Image of Elizabeth Anderson, a physician assistant at Naval Hospital Jacksonville’s Dermatology Clinic, uses a lighted scope to check a patient’s skin. “Skin cancer rates are high in Florida, and it’s important to self-check monthly,” Anderson said. Skin cancer is the most common cancer in the U.S. To reduce risk, protect your skin from UV rays from the sun, tanning booths, and sunlamps. Elizabeth Anderson, a physician assistant at Naval Hospital Jacksonville’s Dermatology Clinic, uses a lighted scope to check a patient’s skin. “Skin cancer rates are high in Florida, and it’s important to self-check monthly,” Anderson said. Skin cancer is the most common cancer in the U.S. To reduce risk, protect your skin from UV rays from the sun, tanning booths, and sunlamps. (Photo: Deidre Smith, Naval Hospital Jacksonville)

Beware of lumps and bumps.

When it comes to your skin, anything out of the ordinary is a potential cause for concern.

Keep an eye out for moles that are changing or growing in size.

Maybe it's just acne. But it also could be skin cancer.

You might be surprised to hear that your skin is the largest organ in your body. It protects against the environment, including sunlight, bacteria, chemicals, and extreme temperature.

Skin problems are among the top 10 reasons active duty service members seek out medical care, military medical data show.

A common reason that service members seek out medical attention is for inflammatory skin conditions, including acne, shaving bumps, or ingrown hairs. Others report unusual lumps and bumps. These are generally the top reasons service members seek dermatology care, said Dr. Neil Gibbs, dermatology residency program director at Naval Medical Center San Diego.

Eczema or psoriasis are other skin conditions. They can be treated but not cured, Gibbs added.

Increased Risk for Military?

The military is primarily an outdoor profession. Many service members are continuously exposed to the sun. Others get intermittent overexposure when they step out from behind their desks.

Either way, sun exposure takes its toll over time. Whether you're fair or dark skinned, too much sun can lead to diseases including skin cancer.

"Be proactive and protect yourself from the sun by avoiding it or using sun protection," said Navy Capt. (Dr.) Josephine Nguyen, senior dermatology consultant to the Navy Surgeon General in Falls Church, Virginia.

Many service members fail to make skin care a top priority, she said.

"There is a lack of focus on preventative care," Nguyen said.

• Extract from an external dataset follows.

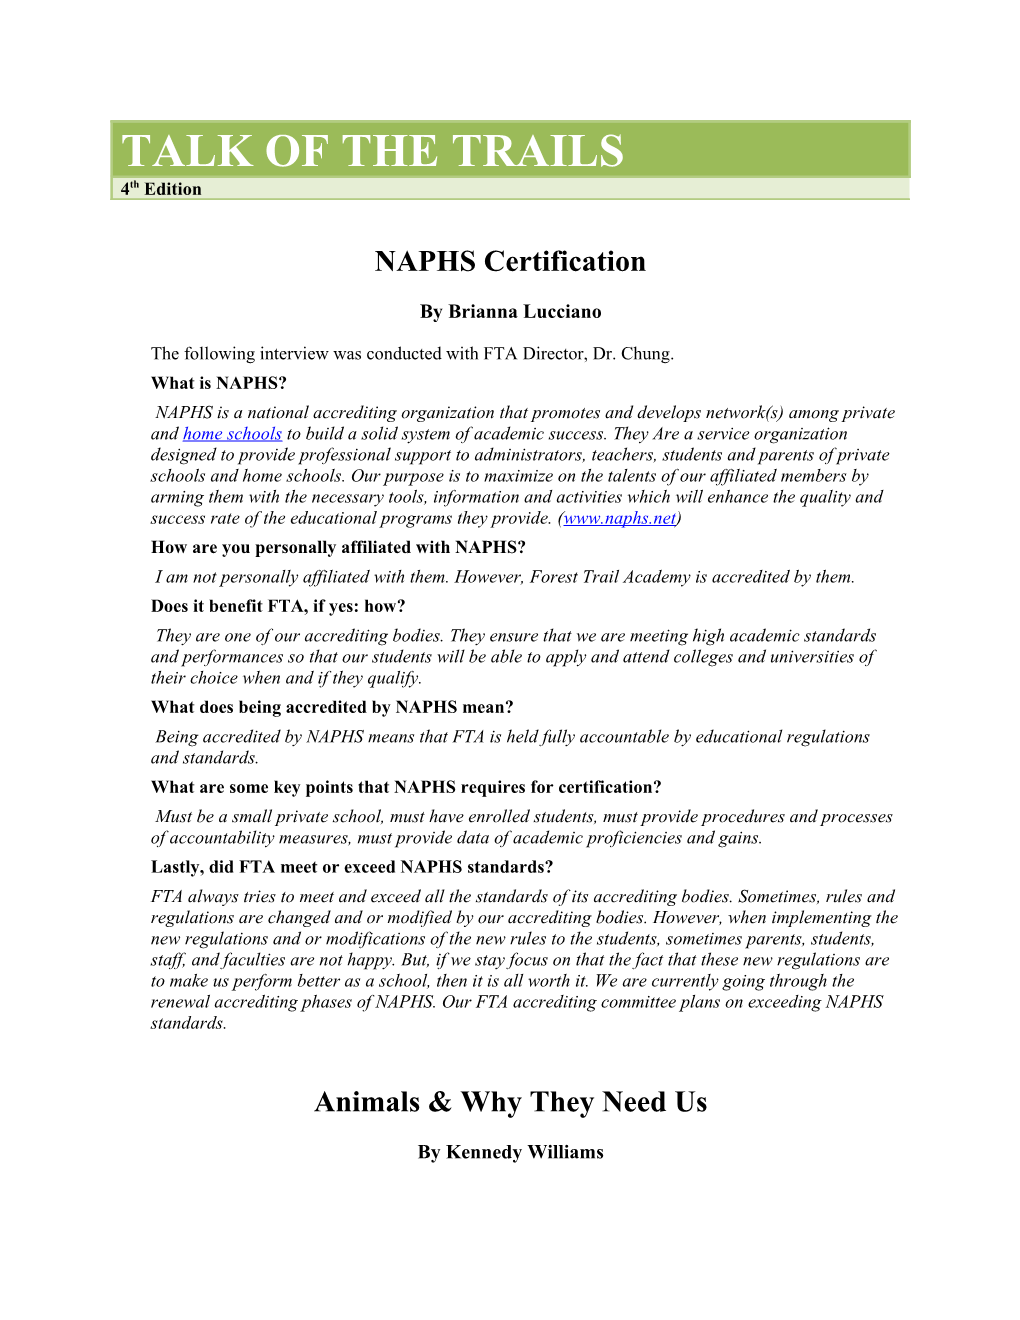 NAPHS Certification

The first key step is regular use of sunscreen with an SPF of 15 or higher. Avoid the sun when possible between 10 a.m. and 4 p.m., when the sun's rays are the strongest. And, wearing protective clothing.

Also, get your moles checked. If you have a large number of moles, ask a doctor for a whole-body mole check to see if there are any signs of changes that could be serious, Nguyen advised.

Mole checks are a common reason to seek out a dermatologist. At Naval Hospital Bremerton, Navy Lt. Cmdr. (Dr.) Tatyana Yetto explained how these are the most common skin condition she sees. Yetto is the staff dermatologist and head of Internal Medicine.

When Should You See a Doctor?

As a general rule, you should seek out medical care for any skin condition that seems unusual.

"If it's bleeding, if it hurts, if it's draining, if it's a lump or bump that is rapidly increasing in size, a mole that has changed, or it's something you can't explain," you should get it checked out, Gibbs said.

Start with your primary care health care professional, he suggested.

That's because there are relatively few dermatology specialists, both in the military and the civilian health care systems. Appointments with dermatologists are hard to come by and may take months to get, Gibbs said.

Meanwhile, the dermatology problem could get worse, Gibbs cautioned.

What about Deployments?

Yetto detailed how at Bremerton approximately four to five patients per month become non-deployable due to a skin problem or related medication. That might be temporary, or a sign of a medical condition that prevents deployments permanently, such as an immune system disease.

Service members who work with potentially harmful chemicals may be especially at risk. "If you are exposed to chemicals at work, make sure you protect your skin because they can be damaging or could be absorbed," Nguyen said.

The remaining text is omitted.